To do: When the line with "JAM Paper Heavy" appears below, start repeating lines exactly, and keep going through the line with "Buy > how to"; add nothing outside that span.

Data supplied:
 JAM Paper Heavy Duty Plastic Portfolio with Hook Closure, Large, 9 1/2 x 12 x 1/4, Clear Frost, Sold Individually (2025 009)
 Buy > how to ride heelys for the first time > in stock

---

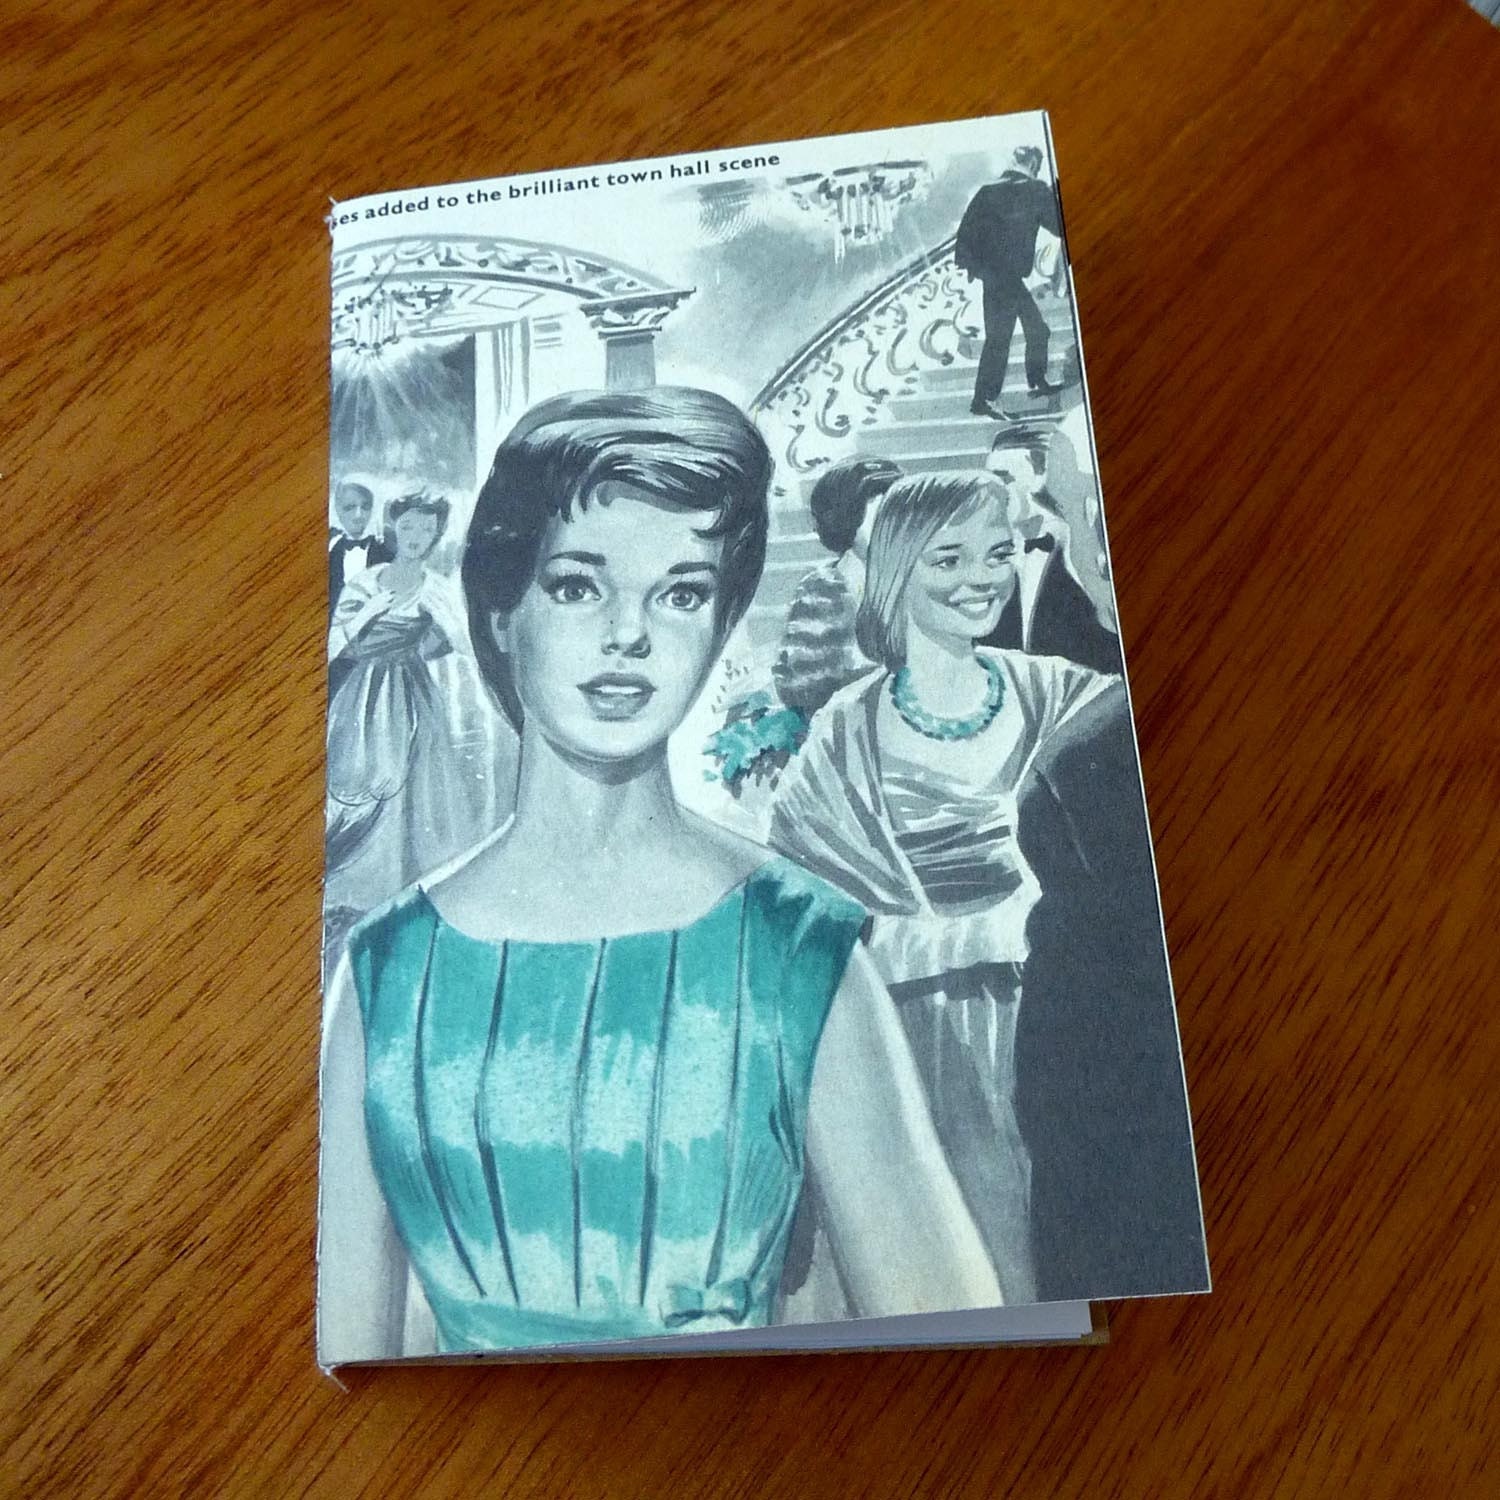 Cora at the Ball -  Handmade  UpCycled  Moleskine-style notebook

Answer section:
 JAM Paper Heavy Duty Plastic Portfolio with Hook Closure, Large, 9 1/2 x 12 x 1/4, Clear Frost, Sold Individually (2025 009)
 Buy > how to ride heelys for the first time > in stock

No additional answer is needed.